EXERCISE: Output must consist only of the lines of the material below from the one with "hotel la serena pool" through the one with "Armband Geel Goud 18kt PB1274G 18 cm", each reproduced exactly; no pictures belong in it.

SOURCE MATERIAL:
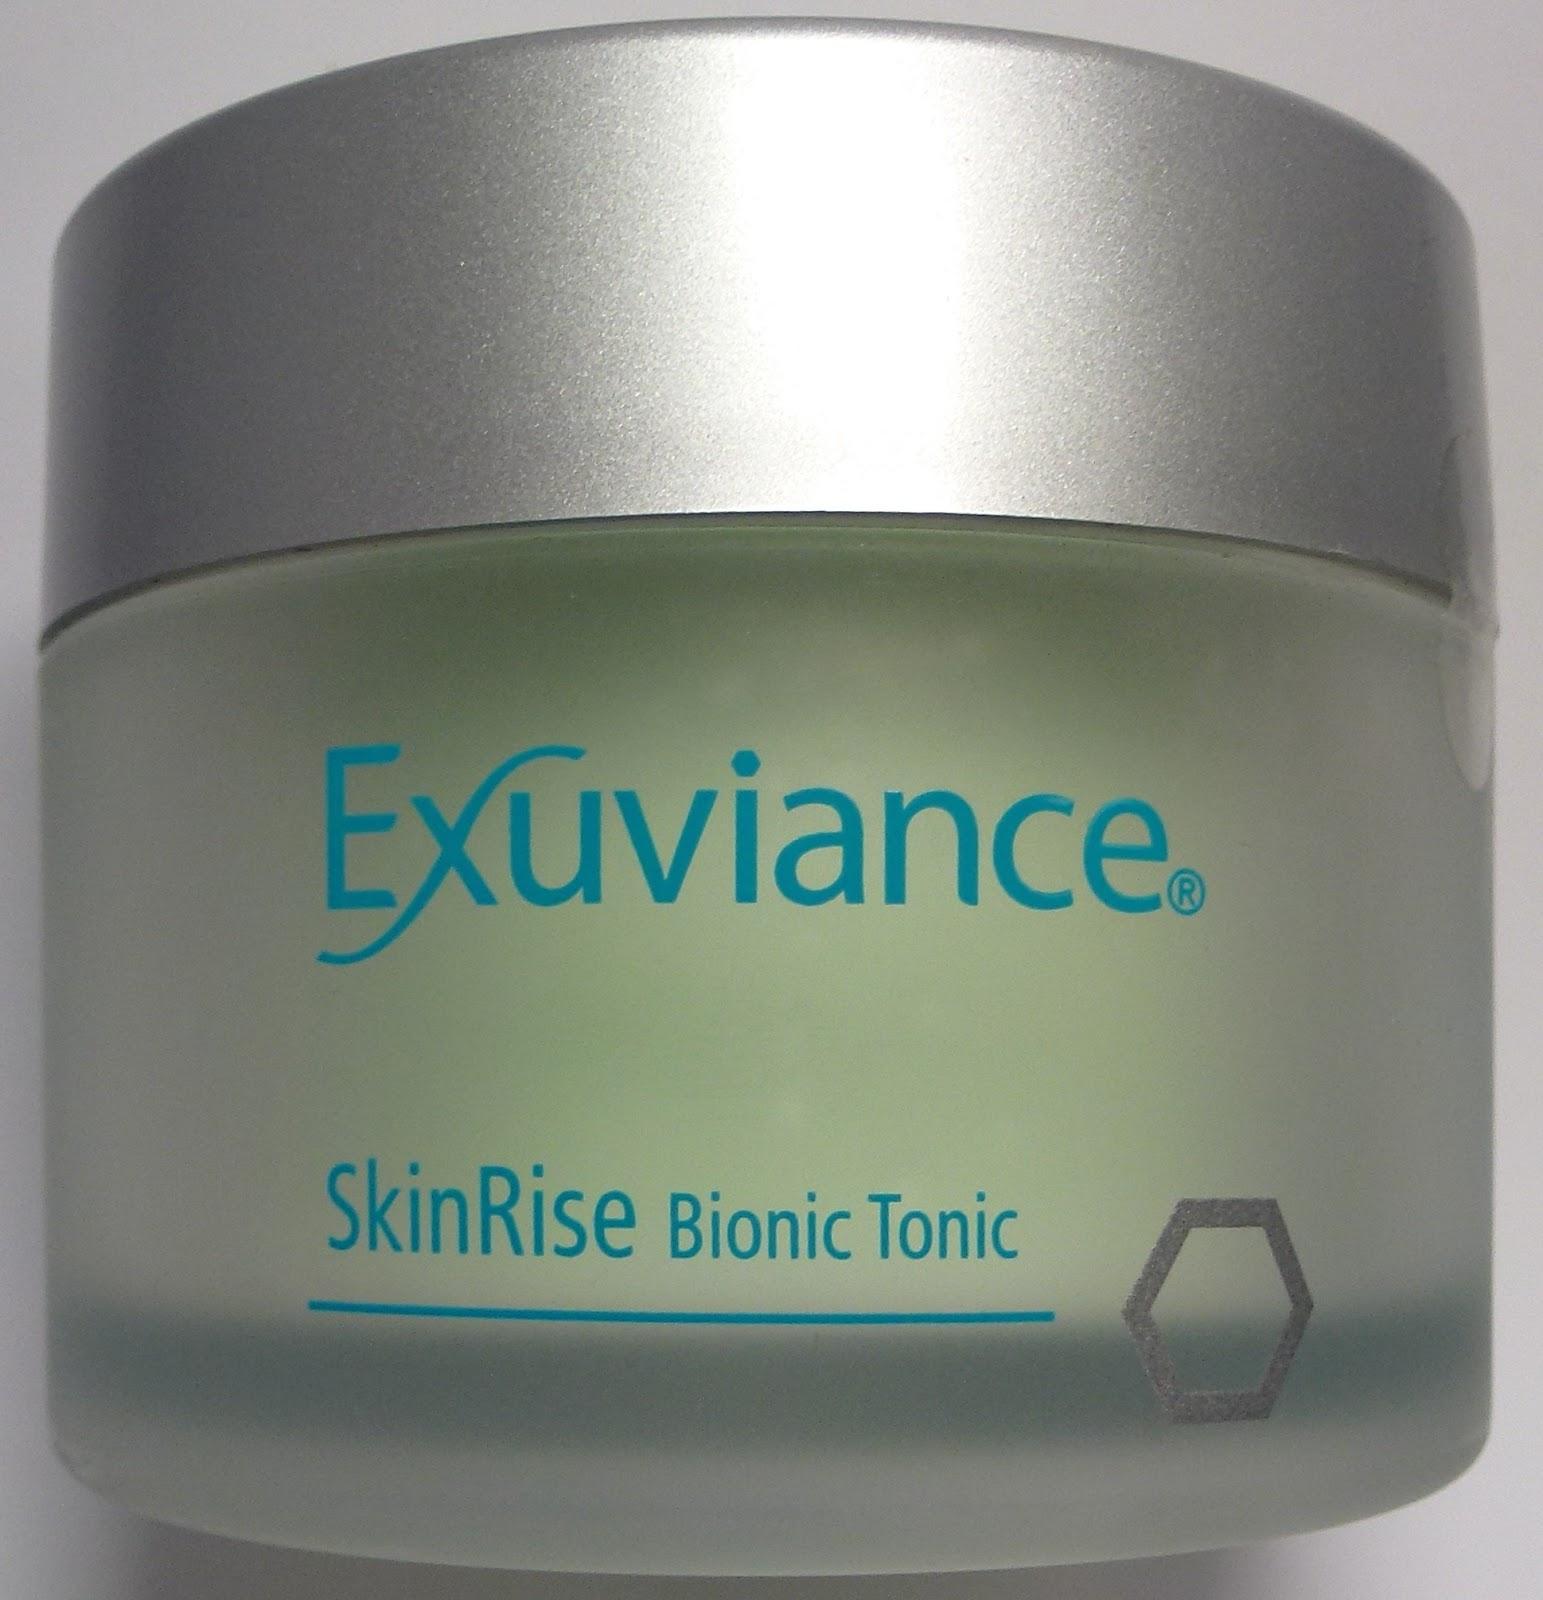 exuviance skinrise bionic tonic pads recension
...
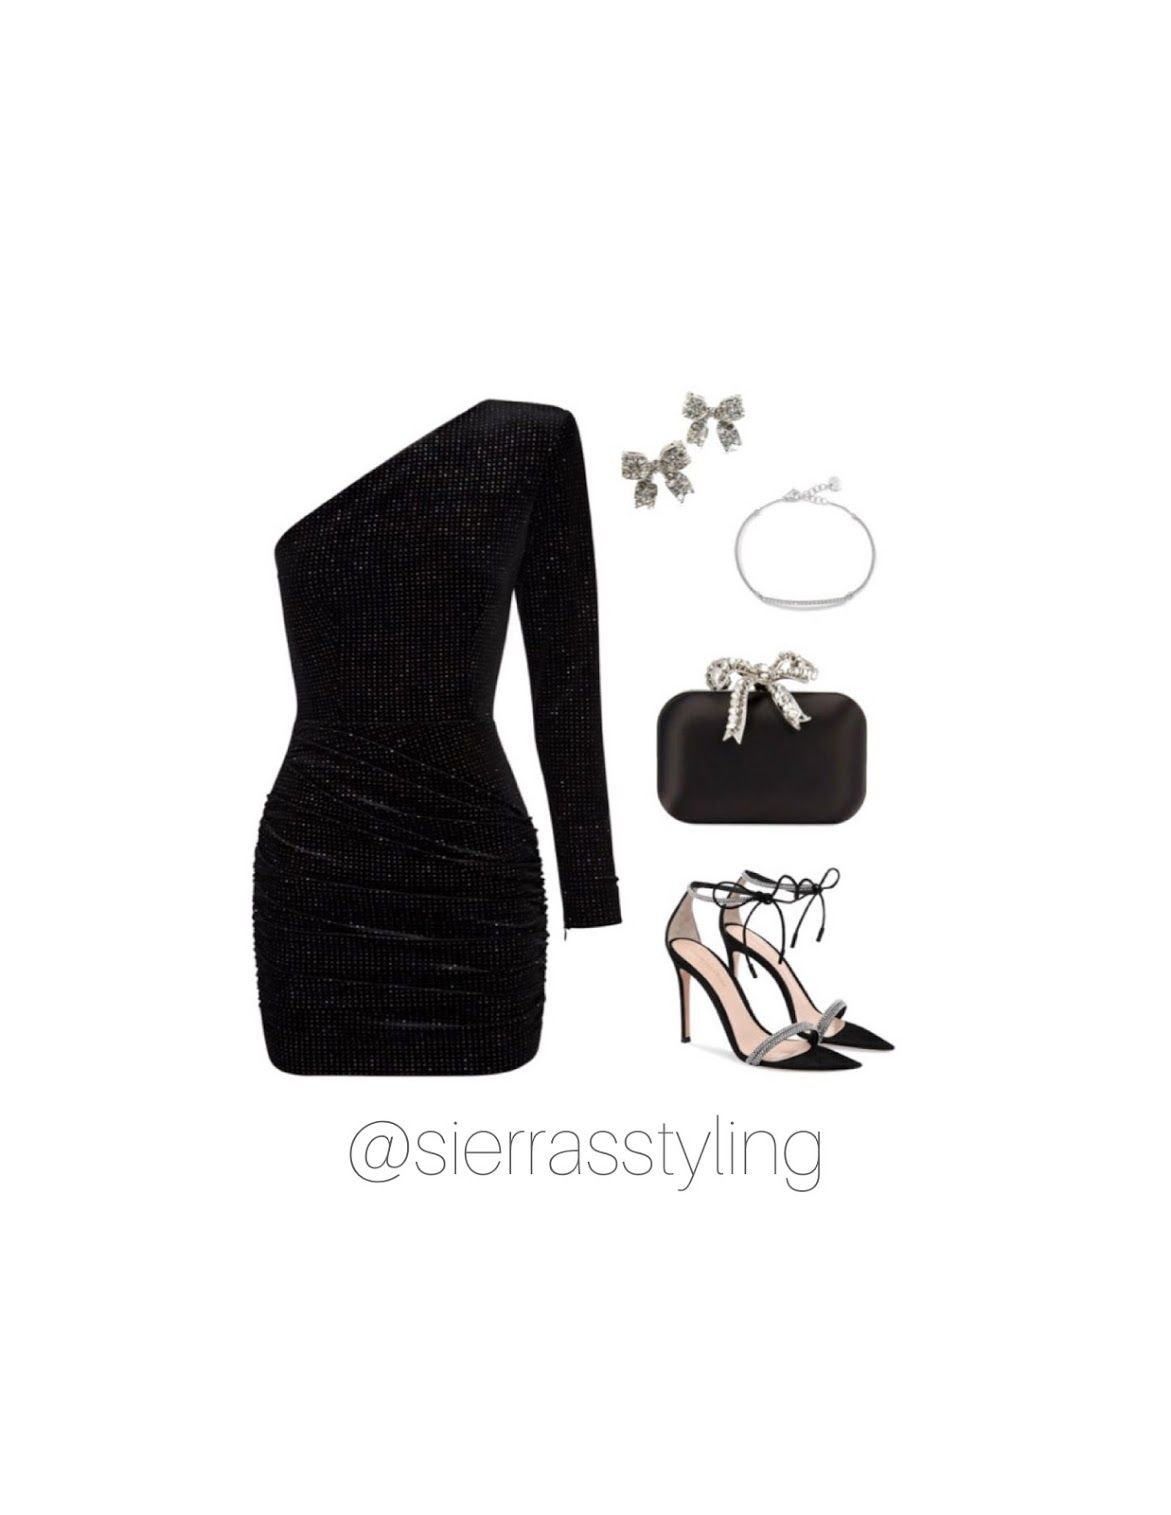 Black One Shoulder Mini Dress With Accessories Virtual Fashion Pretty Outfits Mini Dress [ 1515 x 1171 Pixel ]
...
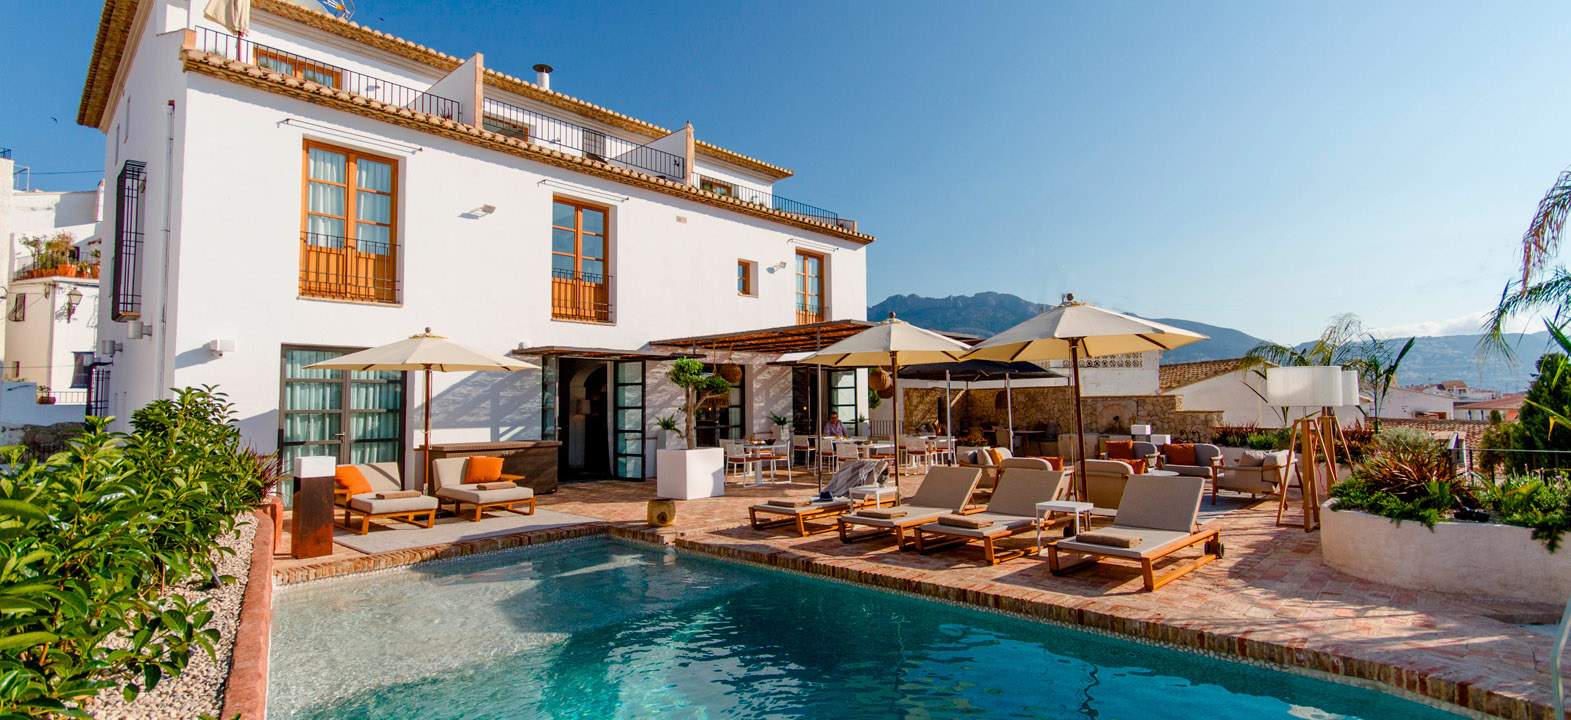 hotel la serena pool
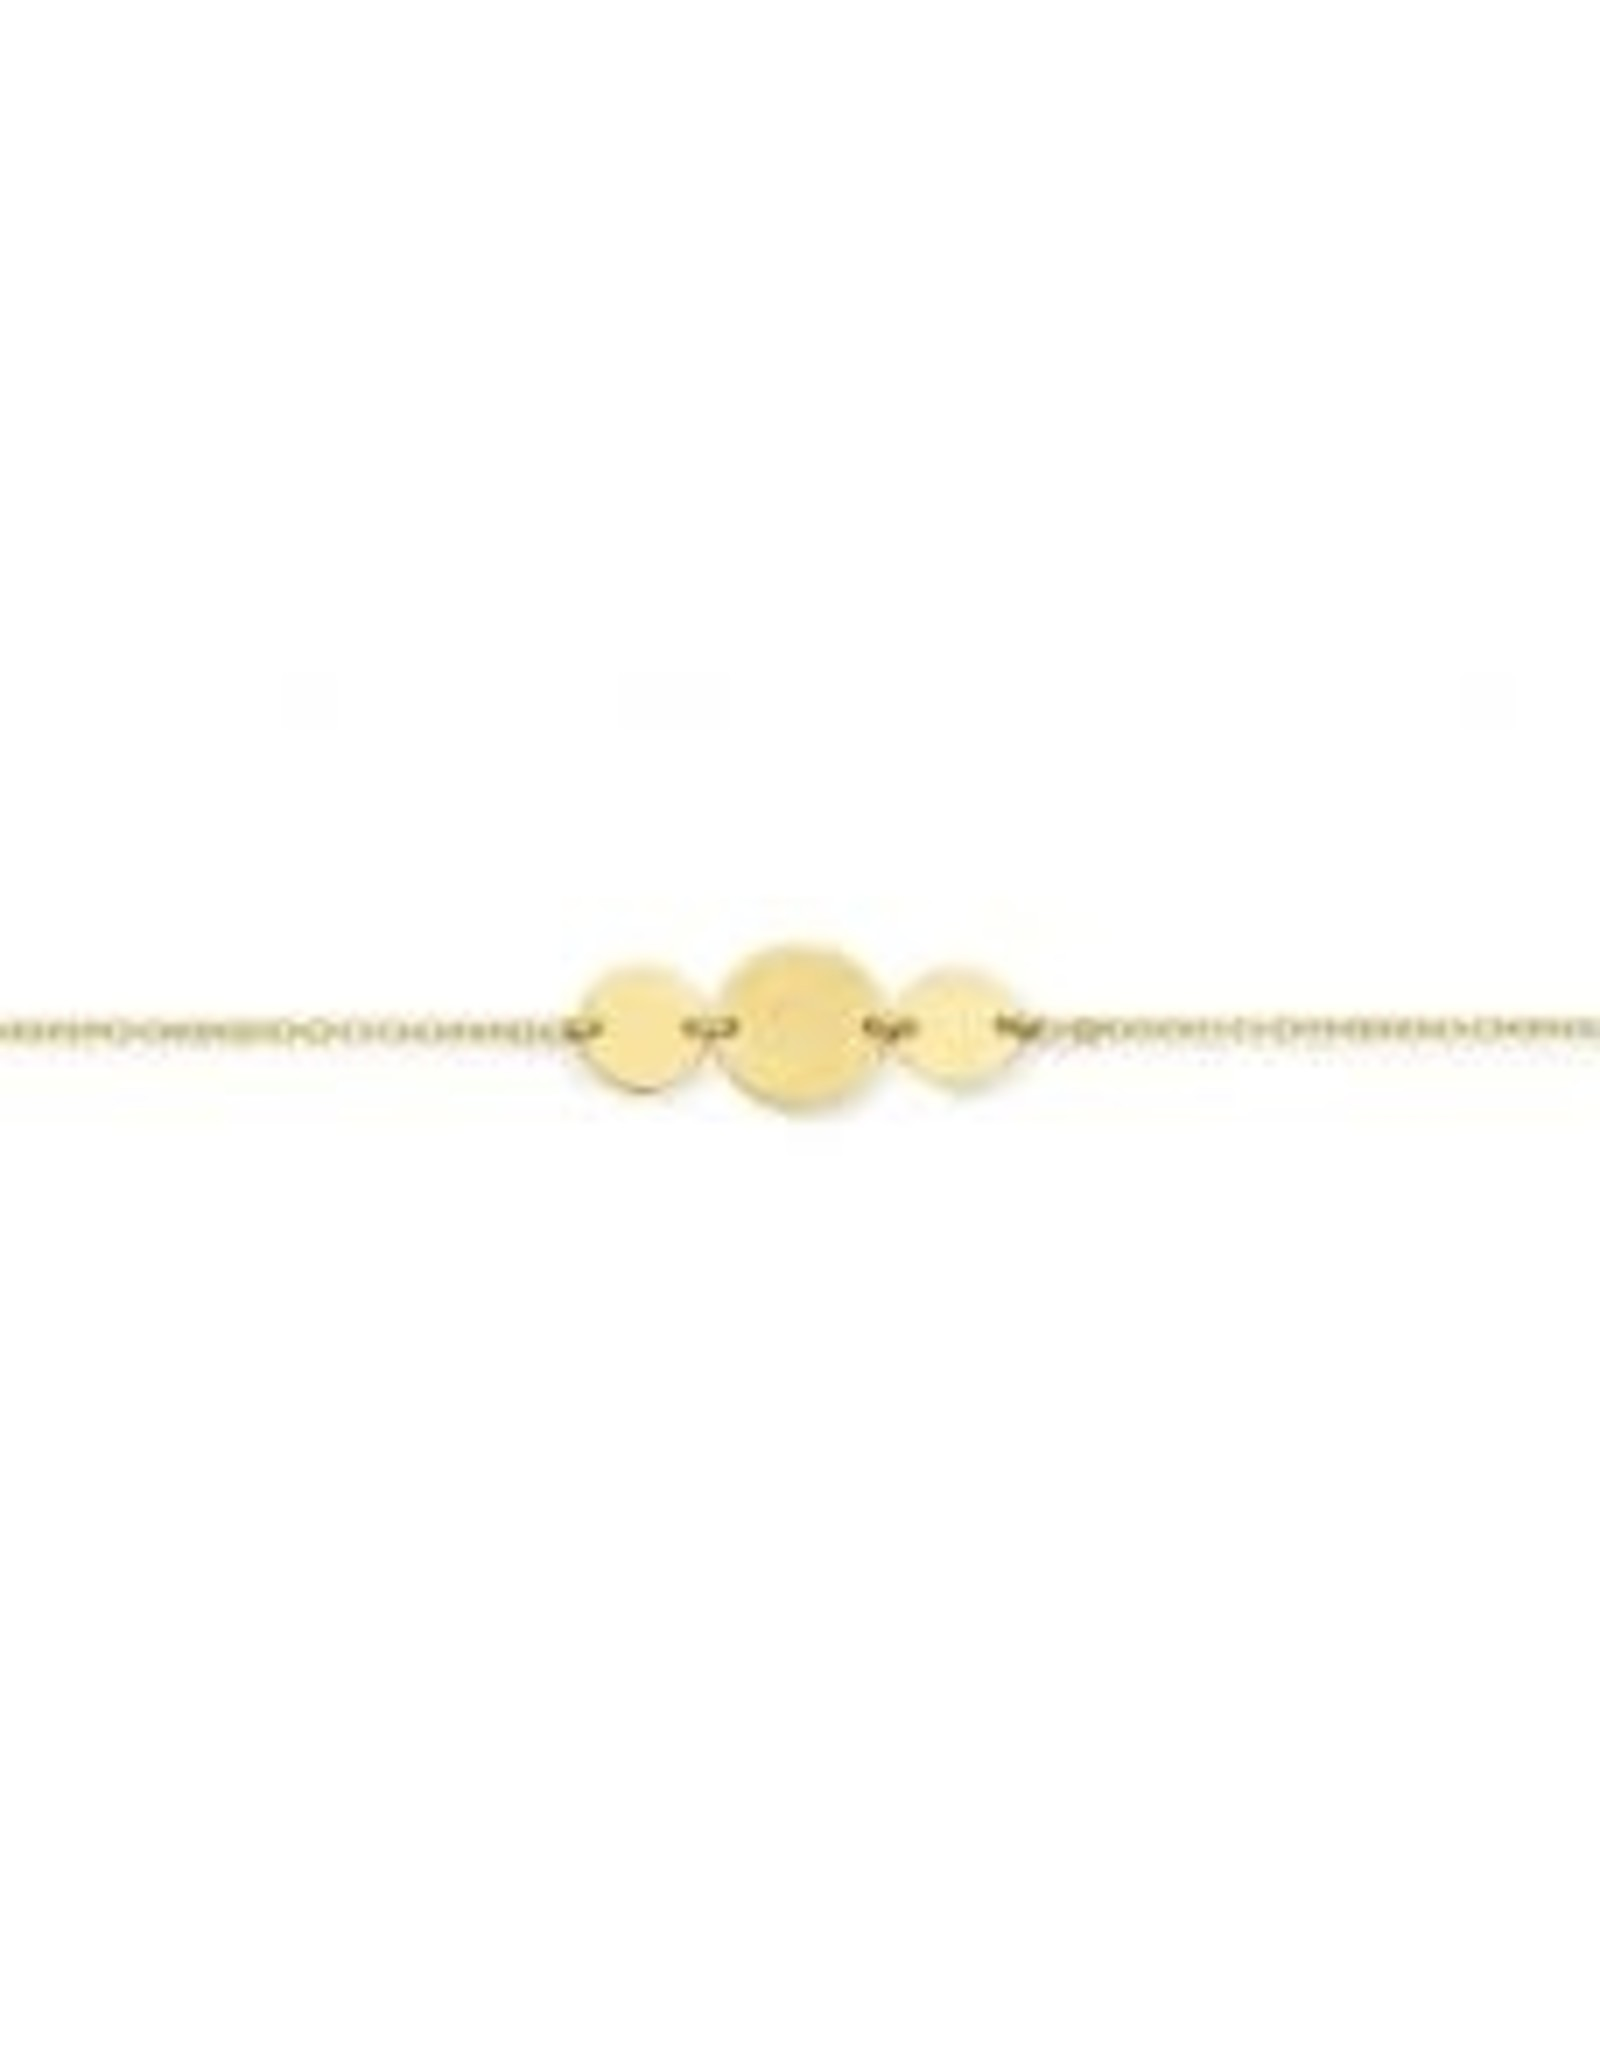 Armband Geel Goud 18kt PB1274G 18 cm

SOLVED PROBLEM:
 hotel la serena pool
 Armband Geel Goud 18kt PB1274G 18 cm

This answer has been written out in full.